И ведь какая поразительная, убийственная для атеистического ума параллель. Воланд здесь, сам того не желая, дословно цитирует грозную, отрезвляющую логику Нового Завета. Разве не об этом с тихой, но сокрушительной силой говорил в Нагорной проповеди Сам Христос? «Да и кто из вас, заботясь, может прибавить себе росту хотя на один локоть?» Мы, мнящие себя титанами индустриализации и покорителями стихий, заперты в клетке абсолютного неведения. Какая невыносимая, экзистенциальная слепота. Человек не способен изменить цвет ни единого волоса на своей голове, он не может с гарантией в сто процентов утверждать, что завтрашний рассвет застанет его веки разомкнутыми. Вся наша хвалёная цивилизация, все пятилетние планы советской эпохи и амбициозные прогнозы — не более чем детский лепет перед лицом Того, Кто держит в ладонях ткань Бытия. Мы не просто не знаем, как распорядиться своей жизнью, мы не способны заглянуть за поворот собственной секундной стрелки. Булгаков через Воланда возвращает нас к суровому, фундаментальному евангельскому вердикту: «Не ваше дело знать времена или сроки, которые Отец положил в Своей власти». Человек изъят из автономии; его претензия на суверенное управление миром — лишь жалкая комедия, финал которой всегда один: пролитое масло, визг тормозов и отрезанная голова на брусчатке.
Но кто же этот таинственный режиссер, столь бесцеремонно взломавший казенный советский атеизм на глазах у остолбеневших литераторов?
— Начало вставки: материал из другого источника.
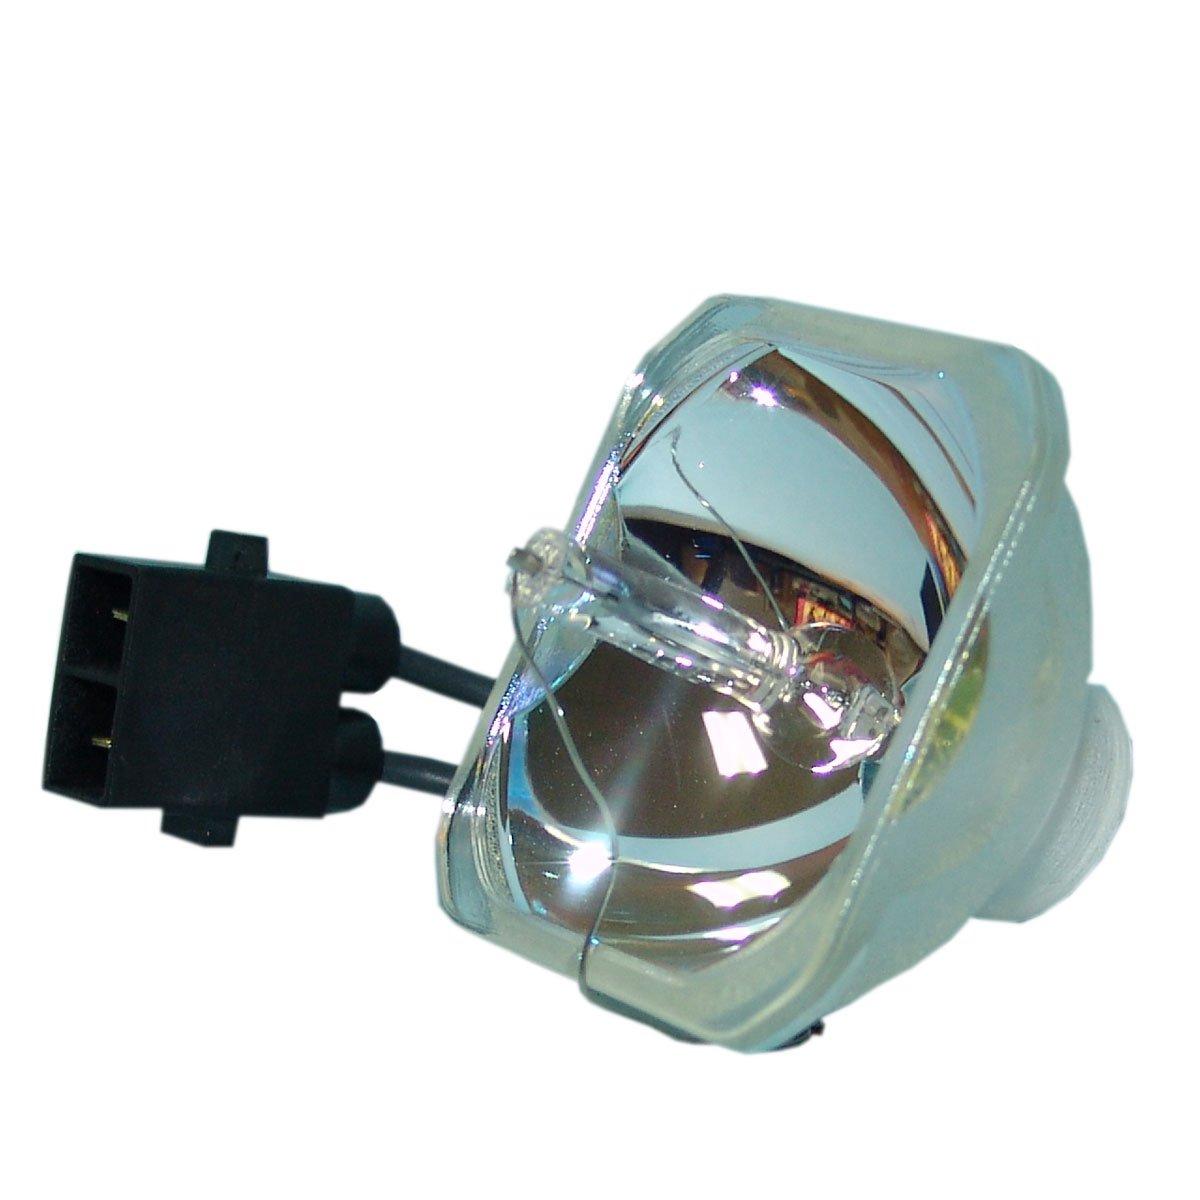 Lutema プロジェクター交換用ランプ ハウジング/電球付き Epson PowerLite 260d用 Economy Economy Lamp Only B07KTL21CP

Почему Булгаков нарекает своего Мефистофеля этим странным, глухим, как удар копыта, именем — Воланд? Это имя отсылает нас к великой трагедии Гёте «Фауст», где в сцене Вальпургиевой ночи Сатана бросает нечисти короткое: «Юнкер Воланд идет!» (Junker Voland kommt!). В старонемецком языке слово Faland издавна означало не просто обманщика, но лукавого духа, черта, злого духа. Булгаков сознательно берет именно эту, онемеченную, эксцентричную форму. Зачем? Чтобы подчеркнуть статус «иностранца», чужака, заезжего артиста. В Москве 1930-х годов, охваченной шпиономанией и параноидальным страхом перед заграничными агентами, Сатана маскируется под немецкого профессора. И какая в этом бьет историческая ирония: советская власть, выстроившая железный занавес от буржуазных разведок, оказалась абсолютно беззащитна перед визитом главного Метафизического Шпиона вселенной. Он проникает сквозь любые границы, потому что границы эти прочерчены по земле, а его ведомство парит над ней.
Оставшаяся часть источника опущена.